Case 2:  The first I is in the third position.
$$SSI\square\square\square\square\square$$ 
There are 
$$\binom{5}{2}$$
such arrangements since two of the final five positions must be filled with an S.  We must place the two P's in one or more of the six positions indicated by a wedge.
$$SSI\wedge\square\wedge\square\wedge\square\wedge\square\wedge\square\wedge$$
The number of ways this can be done is equal to the number of solutions of the equation 
$$x_1 + x_2 + x_3 + x_4 + x_5 + x_6 = 2$$
which is

 $$\binom{5 + 2}{5} = \binom{7}{5} = \binom{7}{2}$$

Hence, in this case, the number of arrangements of four S's, four I's, and two P's in which the first S appears before the first I and the first I appears before the first P is 

 $$\binom{5}{2}\binom{7}{2}$$

Case 3:  The first I is in the fourth position.
$$SSSI\square\square\square\square$$
There are 
$$\binom{4}{1}$$
such arrangements since we must place an S in one of the last four positions.
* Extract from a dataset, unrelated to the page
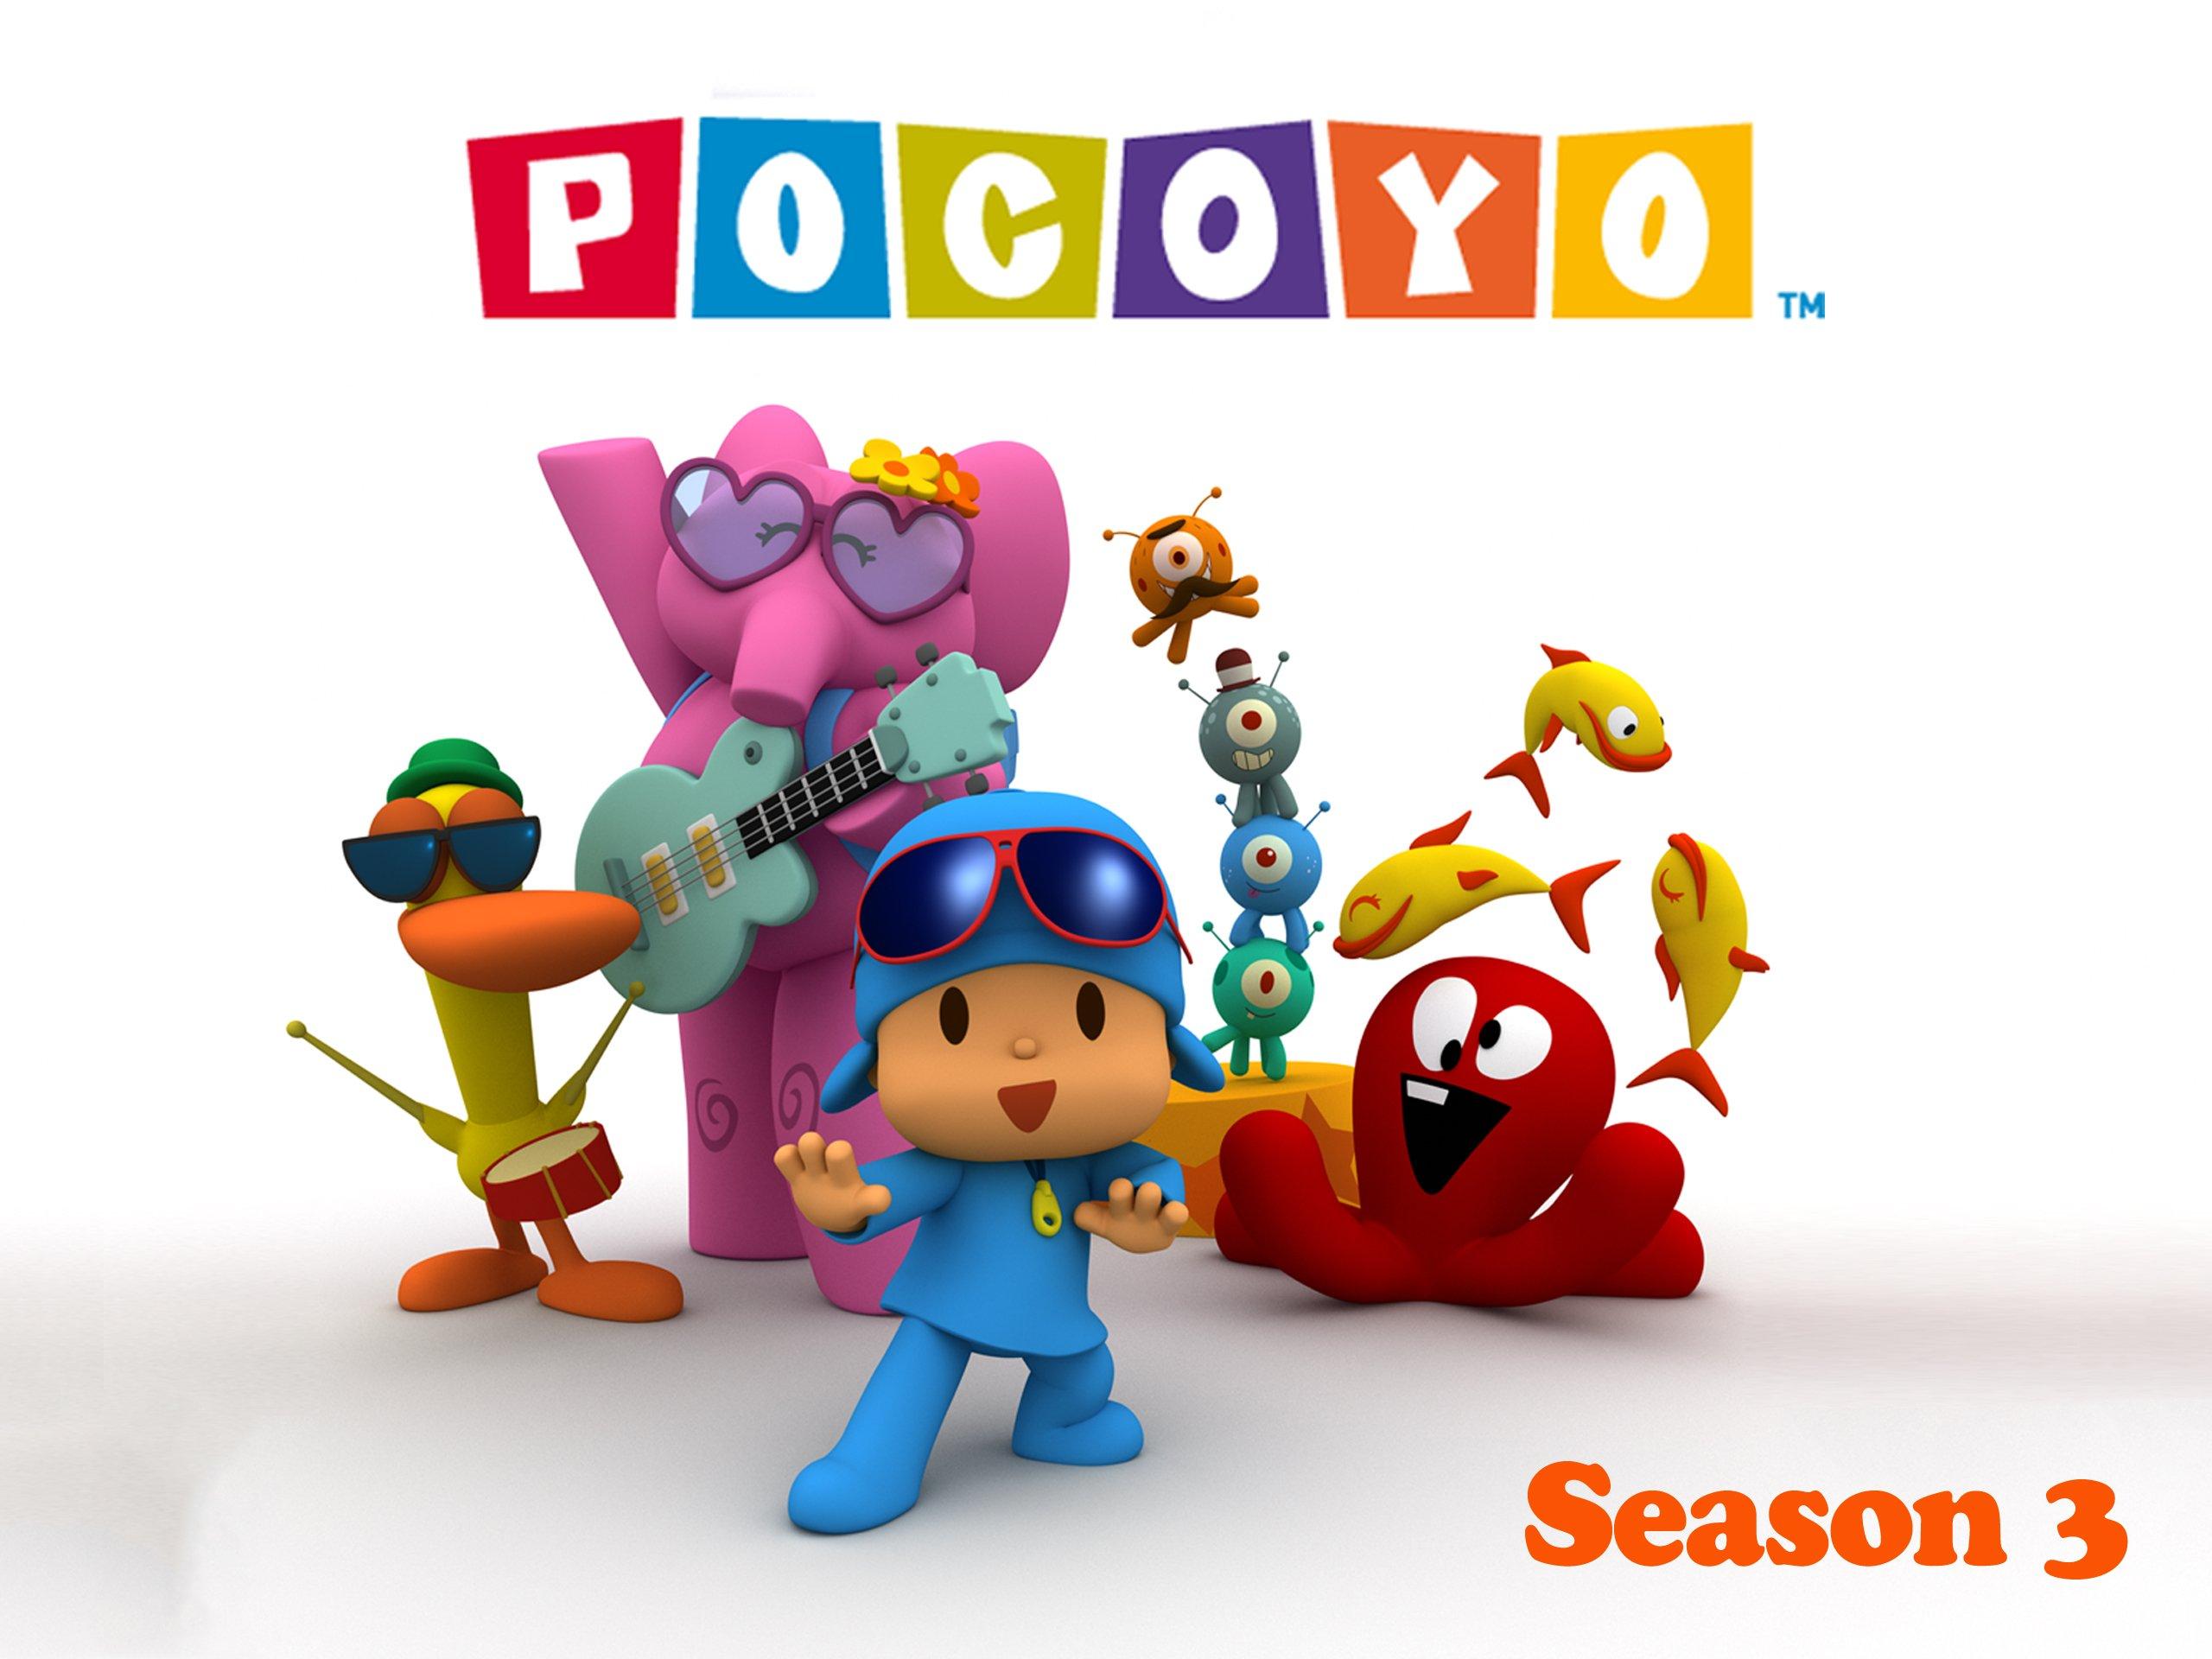 Amazon.com Pocoyo Season 3 Let\u0027s Go Pocoyo Amazon Digital Services LLC  sc 1 st  Amazon.com & Amazon.com: Pocoyo Season 3: Let\u0027s Go Pocoyo: Amazon Digital ...

The two P's must be placed in one of the five positions indicated by a wedge.
$$SSSI\wedge\square\wedge\square\wedge\square\wedge\square\wedge$$
The number of ways this can be done is the number of solutions of the equation $$x_1 + x_2 + x_3 + x_4 + x_5 = 2$$
in the nonnegative integers, which is 

 $$\binom{2 + 4}{4} = \binom{6}{4} = \binom{6}{2}$$

In this case, the number of arrangements of four S's, four I's, and two P's in which the first S appears before the first I and the first I appears before the first P is 

 $$\binom{4}{1}\binom{6}{2}$$

Case 4:  The first I is in the fifth position.
$$SSSSIIII$$
There is only one such arrangement.  The two P's must be placed in one or more of the four positions indicated by a wedge.
$$SSSSI\wedge I\wedge I \wedge I \wedge$$
The number of ways we can do this is the number of solutions of the equation
$$x_1 + x_2 + x_3 + x_4 = 2$$
in the nonnegative integers, which is 

 $$\binom{3 + 2}{3} = \binom{5}{3} = \binom{5}{2}$$

Total: Since these cases are exhaustive and mutually exclusive, the number of ways of arranging four S's, four I's, and two P's such that the first S appears before the first I and the first I appears before the first P is

 $$\binom{6}{3}\binom{8}{2} + \binom{5}{2}\binom{7}{2} + \binom{4}{1}\binom{6}{2} + \binom{3}{0}\binom{5}{2}$$

For each permissible arrangement of the four S's, four I's, and two P's, we can place the M in one of eleven positions, namely the nine positions between successive letters and the two ends of the row.  Hence, there are 

 $$\binom{11}{1}\left[\binom{6}{3}\binom{8}{2} + \binom{5}{2}\binom{7}{2} + \binom{4}{1}\binom{6}{2} + \binom{3}{0}\binom{5}{2}\right]$$

arrangements of the letters of MISSISSIPPI in which the first S appears before the first I and the first I appears before the first P.